Supporting a role for PTEN alteration in prostate cancer progression, our study showed that its deletion was significantly associated with the aggressive clinicopathologic features of high Gleason grade group and advanced surgical stage pT3, a finding consistent with previous reports of PTEN FISH on large radical prostatectomy sets [14, 16]. In agreement with our prior report on a separate sample set [13] as well as with previous studies of other groups [14,15,16,17], we have also shown that PTEN deletion assessed by FISH was associated with biochemical recurrence after radical prostatectomy. Moreover, the prognostic value of the deletion was independent of standard clinicopathologic markers. In our study, homozygous deletion was not associated with a higher risk of biochemical recurrence than hemizygous deletion in agreement with the report of Krohn et al. [14], but in contrast to Yoshimoto et al. and Troyer et al. [16, 17]. Our data indicate that the loss of one copy was sufficient to increase significantly the risk of biochemical recurrence, which is consistent with PTEN haploinsufficiency demonstrated in prostate cancer animal models [26]. It is also possible that the second allele has been inactivated by alternative mechanisms [27], which was not investigated in our study. Interestingly, the PTEN deletion status could further stratify patients of low-intermediate risk grade group 1–2 (≤3 + 4), pT2, and prostate-specific antigen < 10, a finding not reported in previous studies. The revised Gleason scoring system applied to our cohort offers more refinement over previous iterations by splitting Gleason score 7 into two groups of distinct prognoses: grade group 2 (3 + 4) and grade group 3 (4 + 3). While the grade group 2 has the best outcome, it was further stratified by PTEN FISH. Since the percentage of Gleason pattern 4 was not recorded in this cohort, it is unclear if and how it would correlate with the PTEN status. Similarly, PTEN FISH was able to sub-classify cases belonging to low and intermediate CAPRA-S risk groups, thus emphasizing the potential complementary role of this marker to clinicopathologic assessment for outcome prediction.

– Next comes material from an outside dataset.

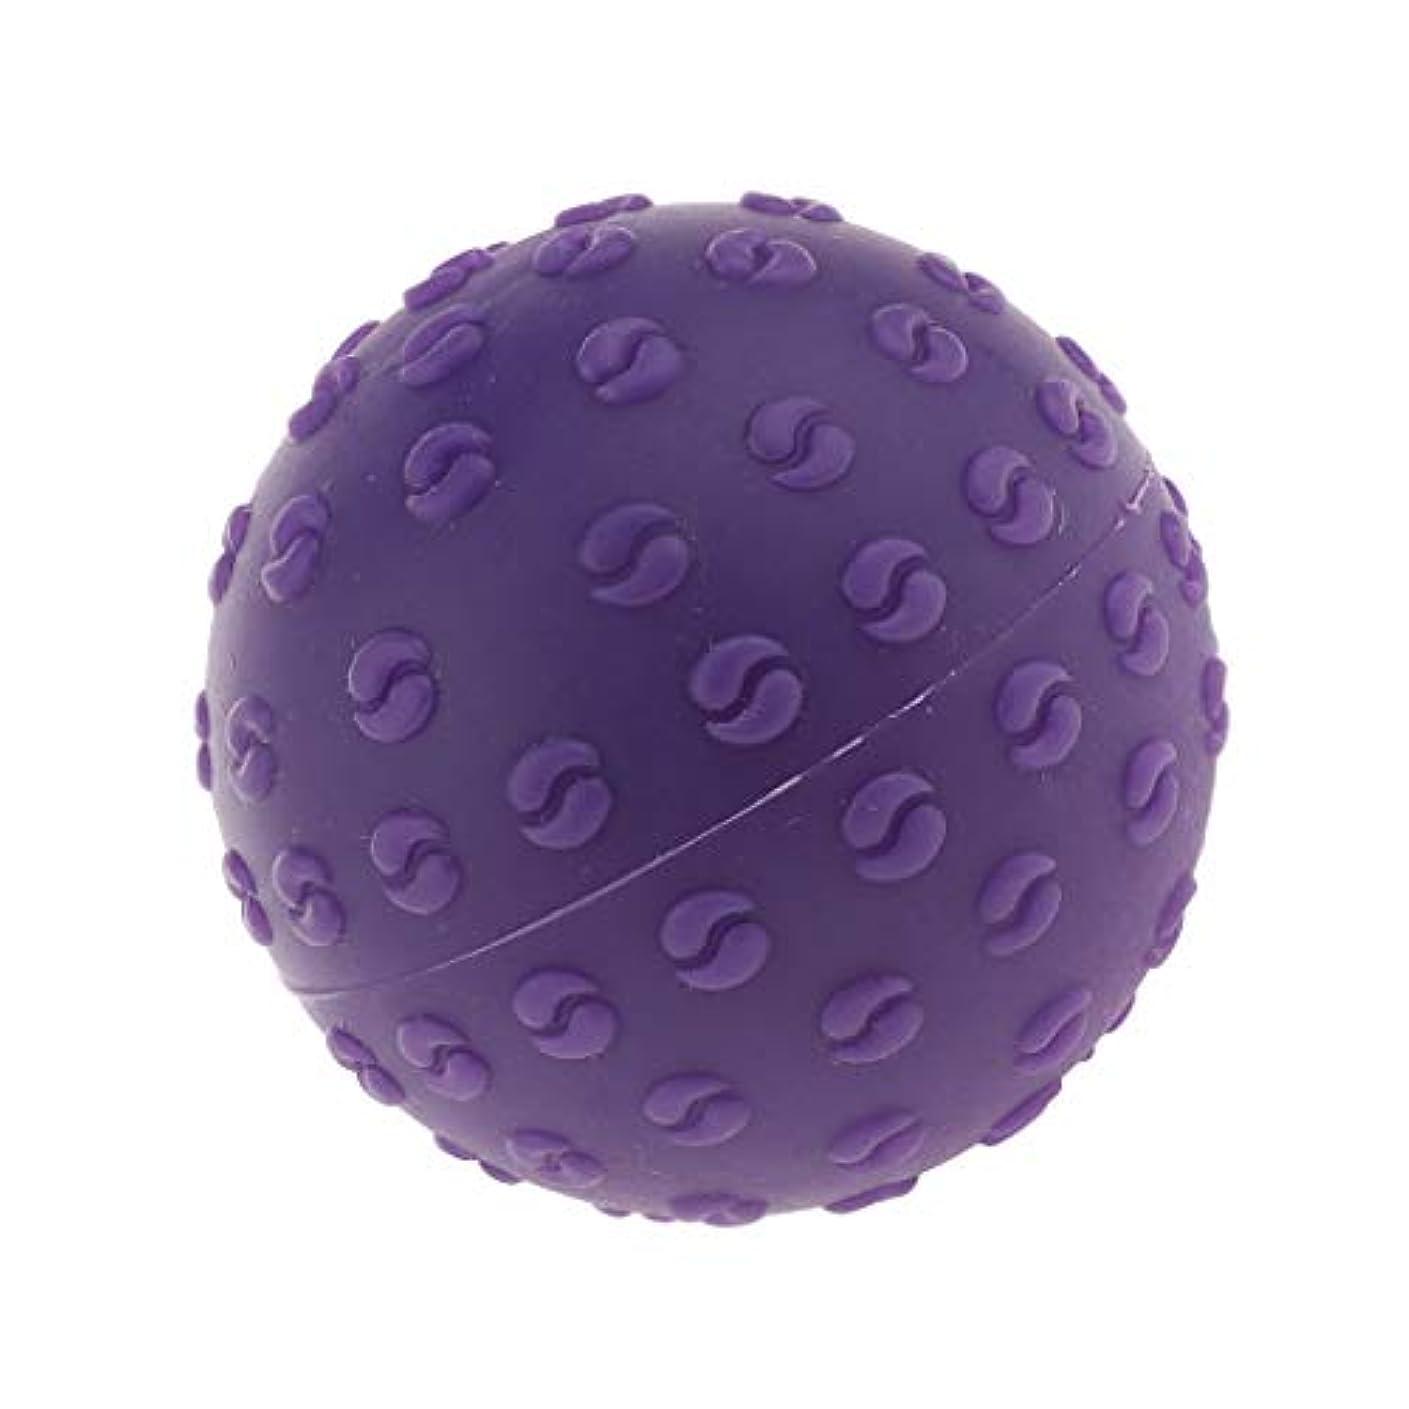 付属品誠意一晩CUTICATE マッサージボール 指圧ボール シリコーン トリガーポイント 足底筋膜炎 ヨガ マッサージ器 全6色 - 紫, 説明のとおり

PTEN deletions detected by FISH are known to be enriched in metastatic as compared to primary prostate tumors [25, 28]. To our knowledge, one PTEN FISH study reported metastasis outcome on radical prostatectomy specimens, but did not find any significant association with PTEN deletion [16]. Here, we have shown that patients with a PTEN deletion in their radical prostatectomy sample were at a higher risk of experiencing distant metastases. Our results are in agreement with Lotan et al. [29] who used a selected high-risk radical prostatectomy cohort (all patients experienced a biochemical recurrence) to demonstrate that the loss of PTEN protein expression was associated with a shorter time to distant metastasis. While further validation on different cohorts is needed, our findings highlight the potential of PTEN deletion as a marker of disease progression to advanced metastatic disease.

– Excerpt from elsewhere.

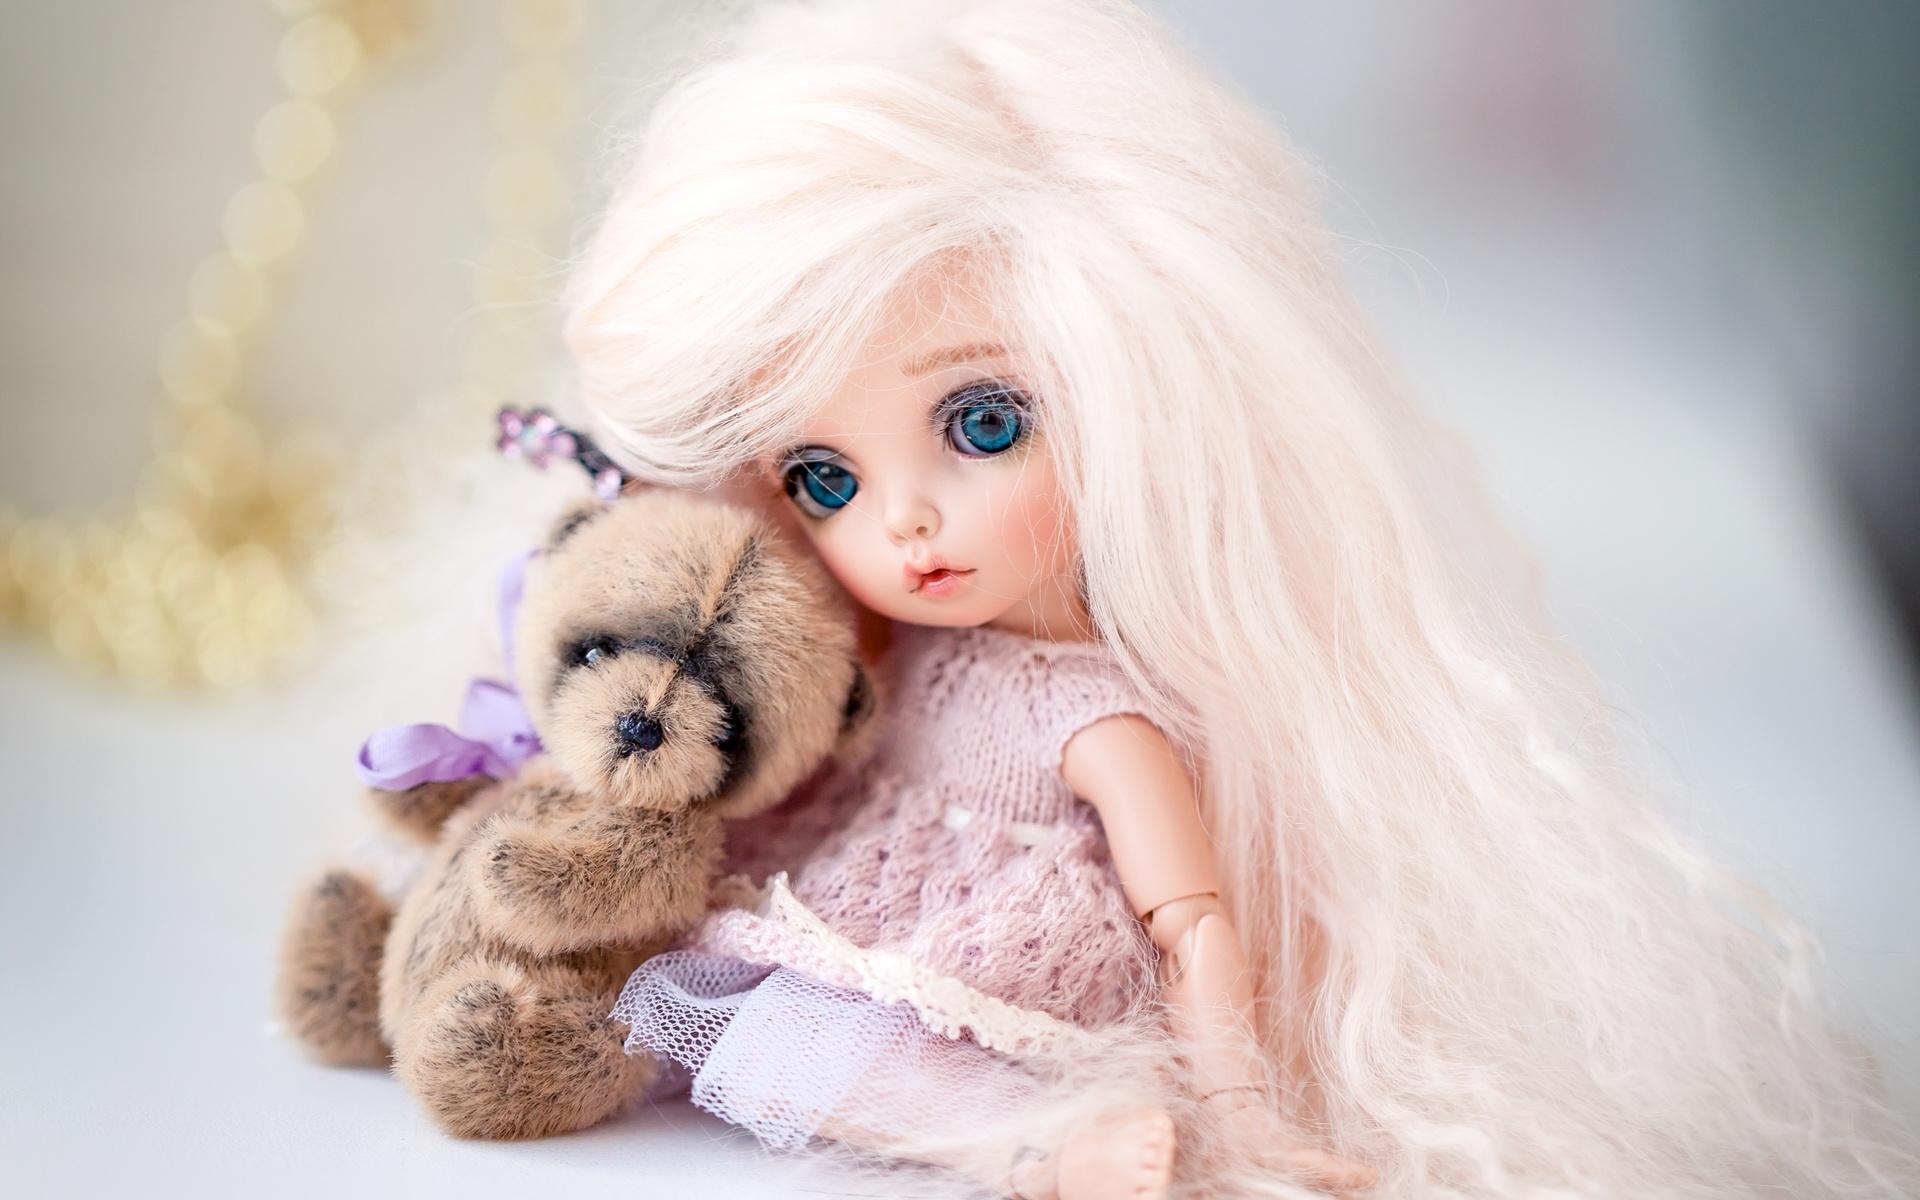 определения картинки с куклами и мишками было невероятное

We recently reported that the 16p13.3 gain was associated with aggressive clinicopathologic features of prostate cancer as well as an increased risk of biochemical recurrence and distant metastases in the same radical prostatectomy specimens surveyed here for PTEN deletion [18]. Moreover, the 16p13.3 gain status improved the stratification of patients with intermediate and high risk of disease progression based on their CAPRA-S score. The analysis of the combined data presented here exemplified the advantages of considering both PTEN and 16p13.3 CNAs for biochemical recurrence risk stratification. Cases that were negative for PTEN deletion were further stratified by the 16p13.3 gain status and vice versa, thus allowing the identification of patients that have a reduced risk of biochemical recurrence. A maximum risk of biochemical recurrence was reached for patients whose tumors harbored both PTEN deletion and 16p13.3 gain. The advantage of this combinatorial approach was further evidenced by an increase of the C-index, which reached its maximum when coupled with the CAPRA-S score risk groups. Interestingly, the PTEN deletion status identified patients of CAPRA-S low-risk group who have an increased risk of biochemical recurrence, while the 16p13.3 gain status alone did not further stratify the low-risk group as we reported [18]. These results are in agreement with previous studies showing that combinations of genomic features such as gene expression changes and copy number alterations, including PTEN deletion status, can add prognostic information to the CAPRA-S score [30, 31]. Owing to the relatively small number of secondary adverse events like metastases and prostate cancer-specific deaths in our cohort, future studies should focus on assessing the clinical significance of this PTEN-16p13.3 co-alteration status with respect to these adverse clinical end-points in large independent cohorts with long clinical follow-up.
Given the enhanced risk of biochemical recurrence associated with co-alteration of PTEN and 16p13.3, it is possible that patients with such tumors would benefit of adjuvant treatments. In prostate cancer, the usefulness of adjuvant systemic therapy such as chemotherapy post-surgery remains to be established [32]. The lack of demonstrated effectiveness may be explained in part by differences of tumor biology among patients. Molecular biomarkers such as PTEN/16p13.3 FISH may help patient selection and thus improve the success of future clinical trials. The assessment of these markers retrospectively in samples of patients who have received adjuvant therapy may provide data to support this hypothesis.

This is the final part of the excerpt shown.